:: RECORDS PROVIDED ::
============================================================

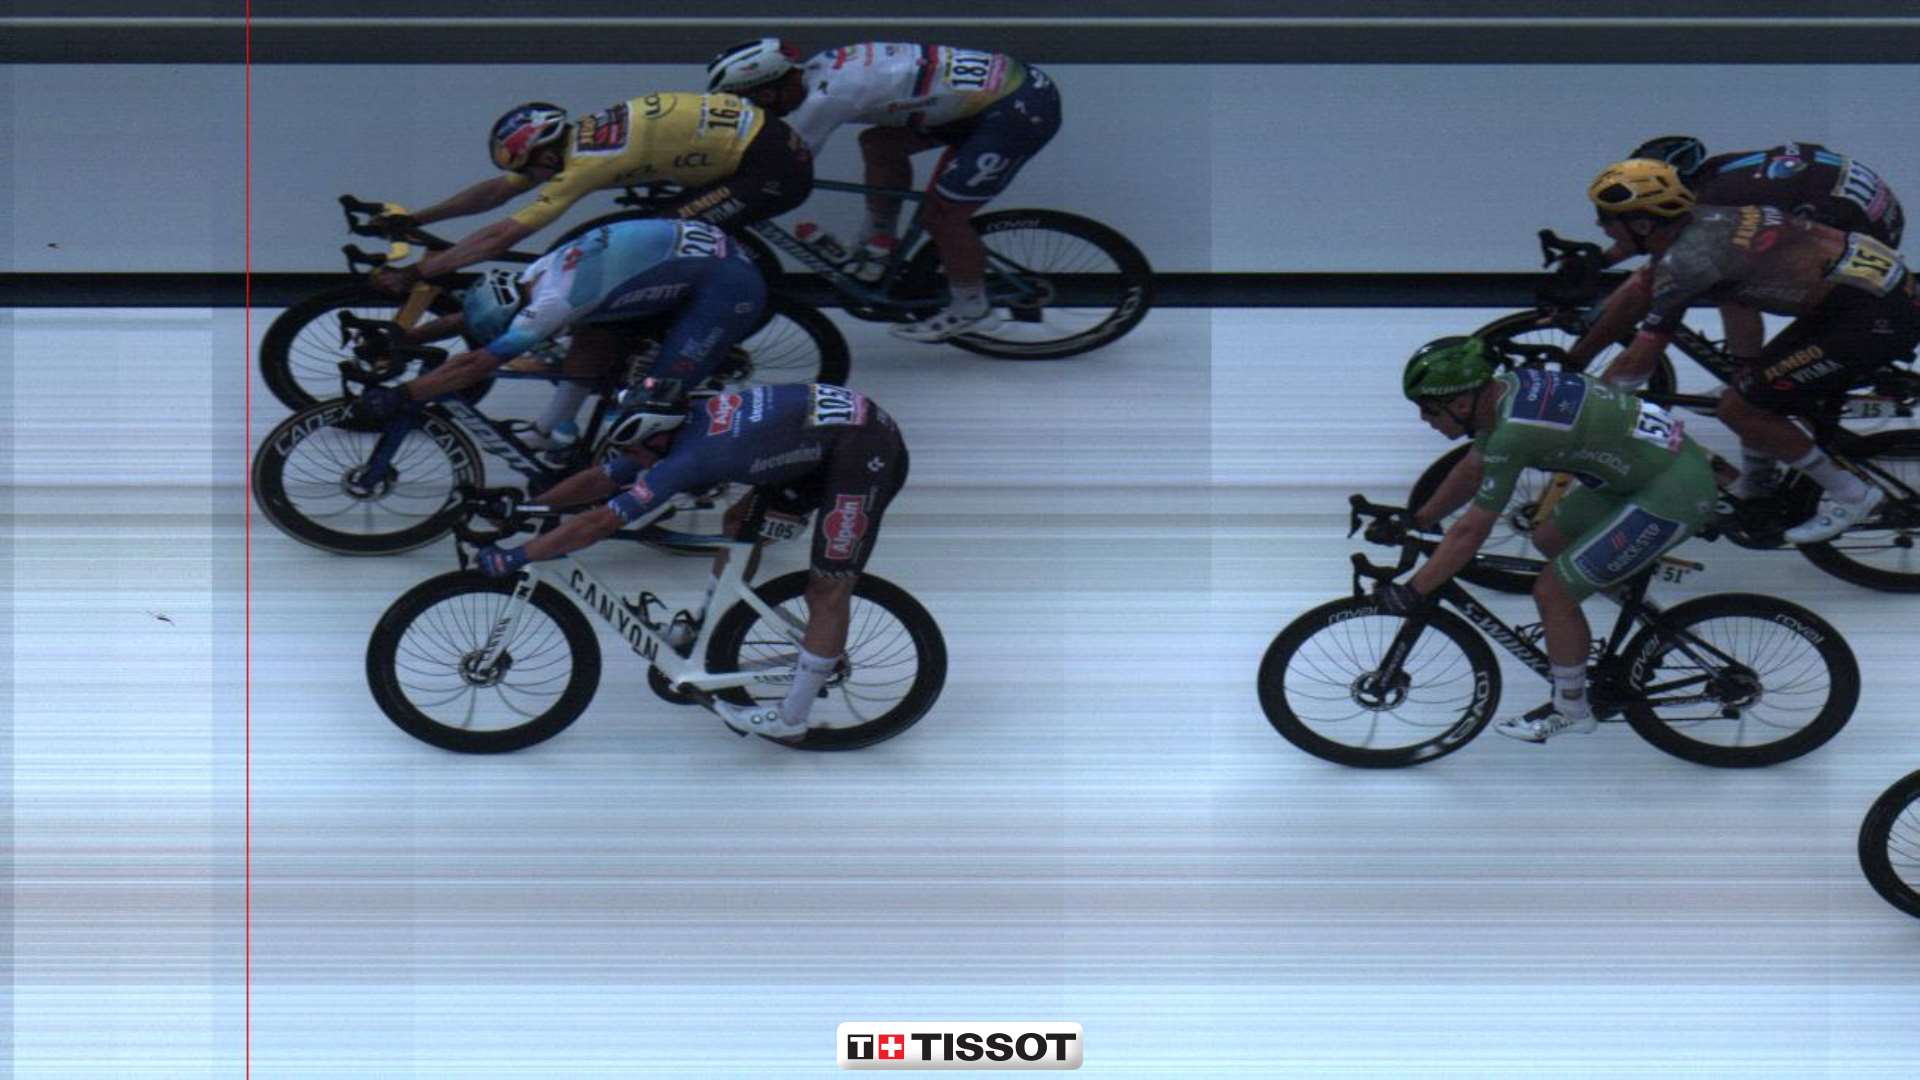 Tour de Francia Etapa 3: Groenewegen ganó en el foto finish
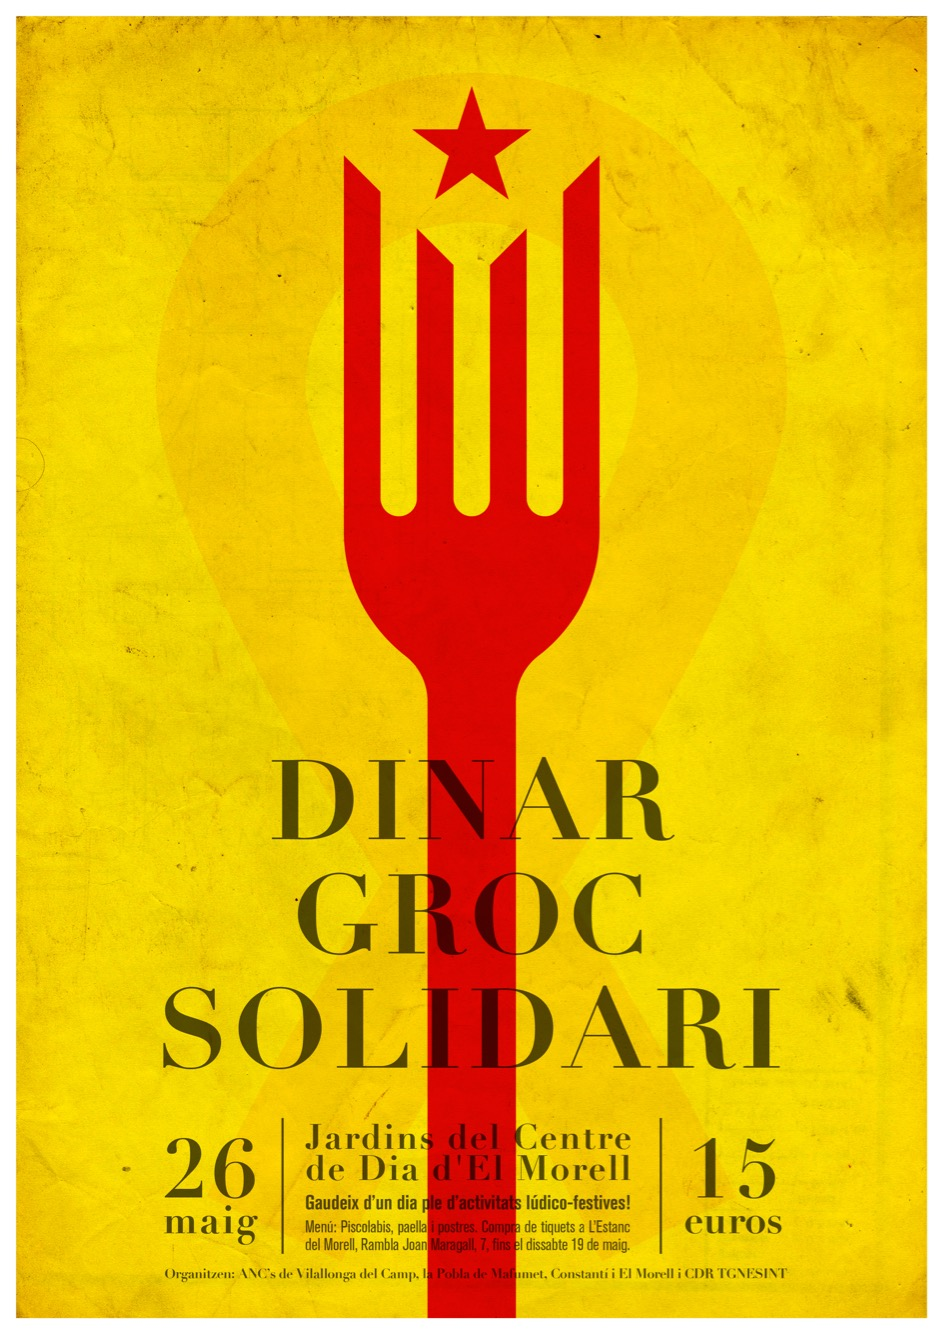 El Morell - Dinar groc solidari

============================================================

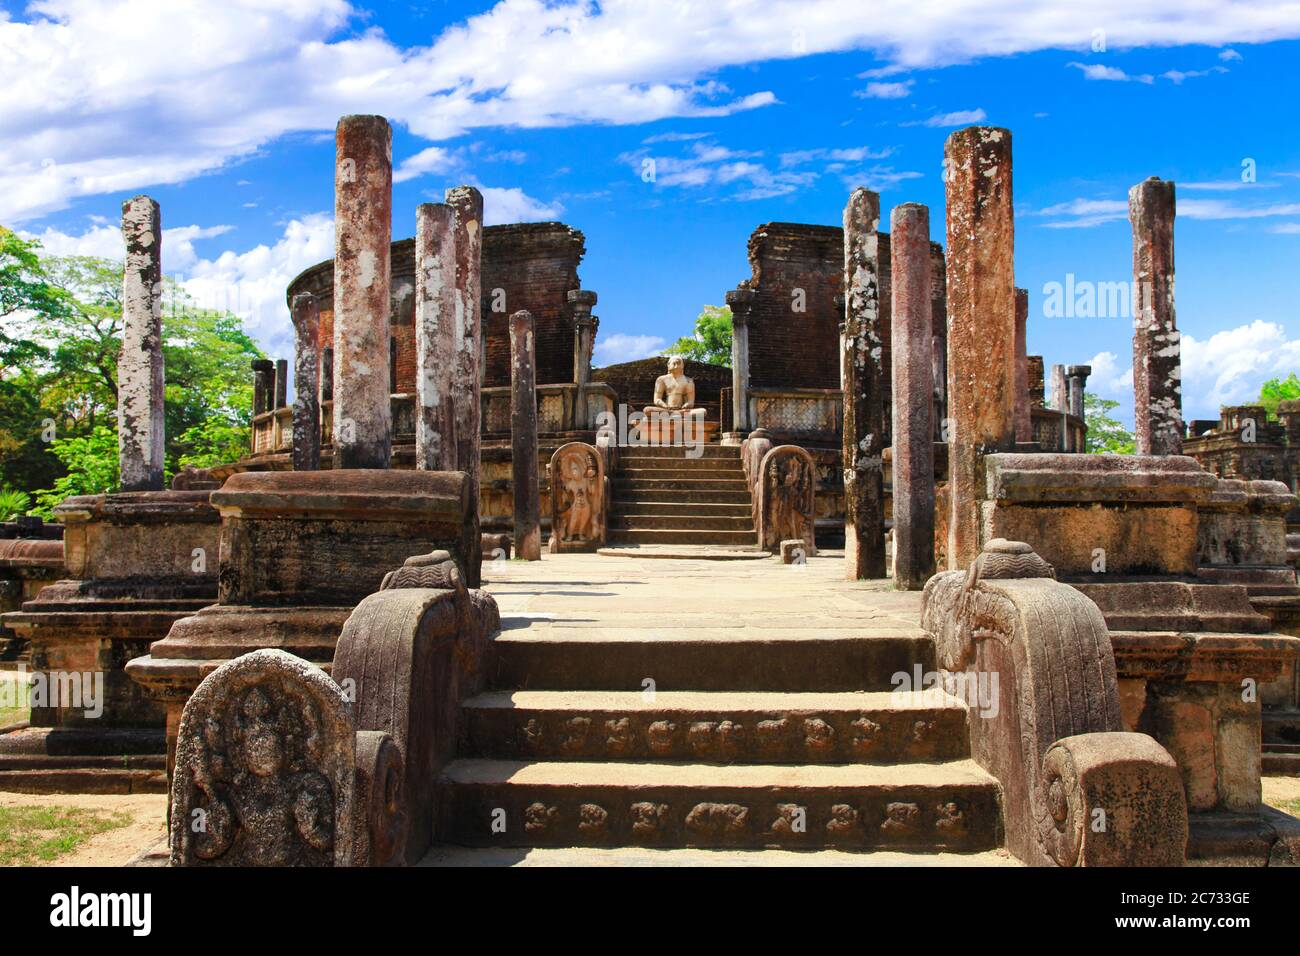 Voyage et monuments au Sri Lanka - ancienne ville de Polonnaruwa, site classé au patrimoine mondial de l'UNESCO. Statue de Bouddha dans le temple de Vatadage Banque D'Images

============================================================

Your reply is to be an exact repeat of the listing above from the line holding "Tour de Francia" down to the line holding "El Morell - Dinar groc solidari", ends included, pictures excluded.

 Tour de Francia Etapa 3: Groenewegen ganó en el foto finish
 El Morell - Dinar groc solidari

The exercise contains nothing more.